Flow-induced prostaglandin E2 release regulates Na and K transport in the collecting duct

Abstract

Fluid shear stress (FSS) is a critical regulator of cation transport in the collecting duct (CD). High-dietary sodium (Na) consumption increases urine flow, Na excretion, and prostaglandin E2 (PGE2) excretion. We hypothesize that increases in FSS elicited by increasing tubular flow rate induce the release of PGE2 from renal epithelial cells into the extracellular compartment and regulate ion transport. Media retrieved from CD cells exposed to physiologic levels of FSS reveal several fold higher concentration of PGE2 compared with static controls. Treatment of CD cells with either cyclooxygenase-1 (COX-1) or COX-2 inhibitors during exposure to FSS limited the increase in PGE2 concentration to an equal extent, suggesting COX-1 and COX-2 contribute equally to FSS-induced PGE2 release. Cytosolic phospholipase A2 (cPLA2), the principal enzyme that generates the COX substrate arachidonic acid, is regulated by mitogen-activated protein-kinase-dependent phosphorylation and intracellular Ca2+ concentration ([Ca2+]i), both signaling processes, of which, are activated by FSS. Inhibition of the ERK and p38 pathways reduced PGE2 release by 53.3 ± 8.4 and 32.6 ± 11.3%, respectively, while antagonizing the JNK pathway had no effect. In addition, chelation of [Ca2+]i limited the FSS-mediated increase in PGE2 concentration by 47.5 ± 7.5% of that observed in untreated sheared cells.
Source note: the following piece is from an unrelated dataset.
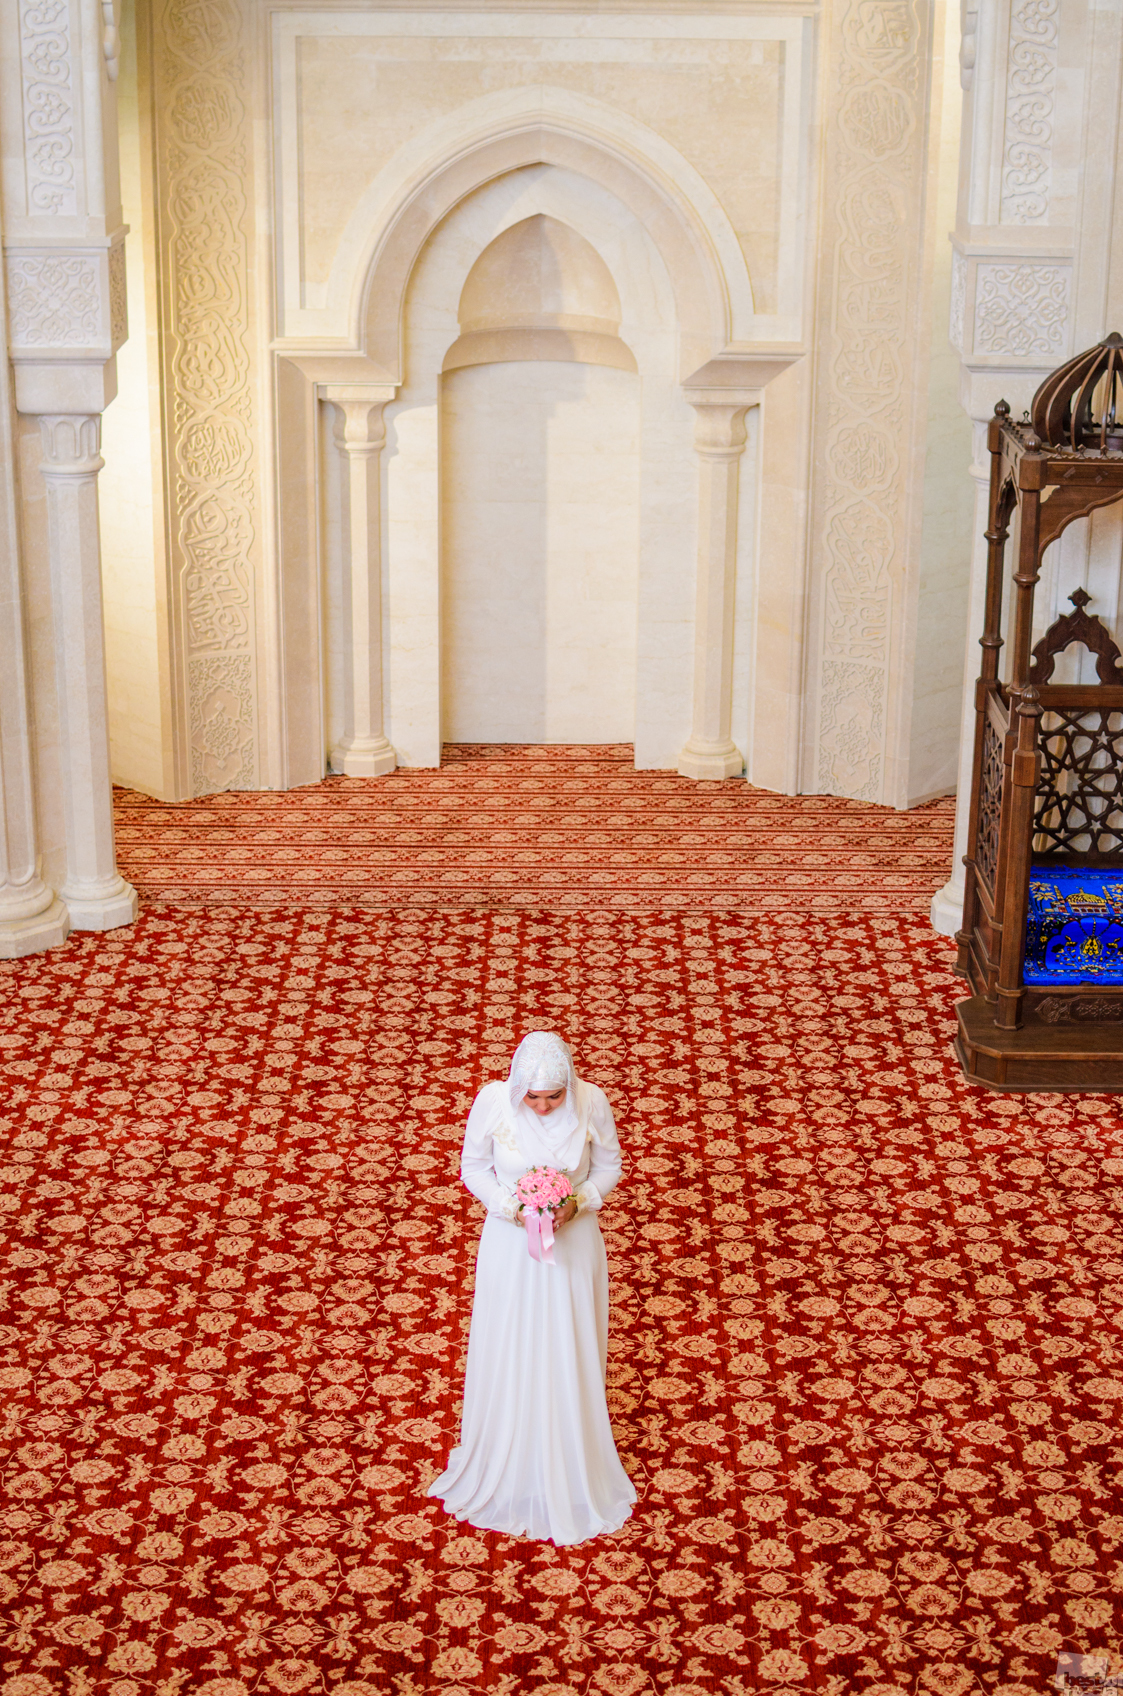 「冠婚葬祭」部門では、全国各地で撮影されたさまざまな写真のコレクションを展示されている。// ボルガリの白のモスクで佇む花嫁、ウリヤノフスク

Sheared cells expressed greater phospho-cPLA2 protein abundance than static cells; however, COX-2 protein expression was unaffected ( P = 0.064) by FSS. In microperfused CDs, COX inhibition enhanced flow-stimulated Na reabsorption and abolished flow-stimulated potassium (K) secretion, but did not affect ion transport at a slow flow rate, implicating that high tubular flow activates autocrine/paracrine PGE2 release and, in turn, regulates flow-stimulated cation transport. In conclusion, FSS activates cPLA2 to generate PGE2 that regulates flow-mediated Na and K transport in the native CD. We speculate that dietary sodium intake modulates tubular flow rate to regulate paracrine PGE2 release and cation transport in the CD.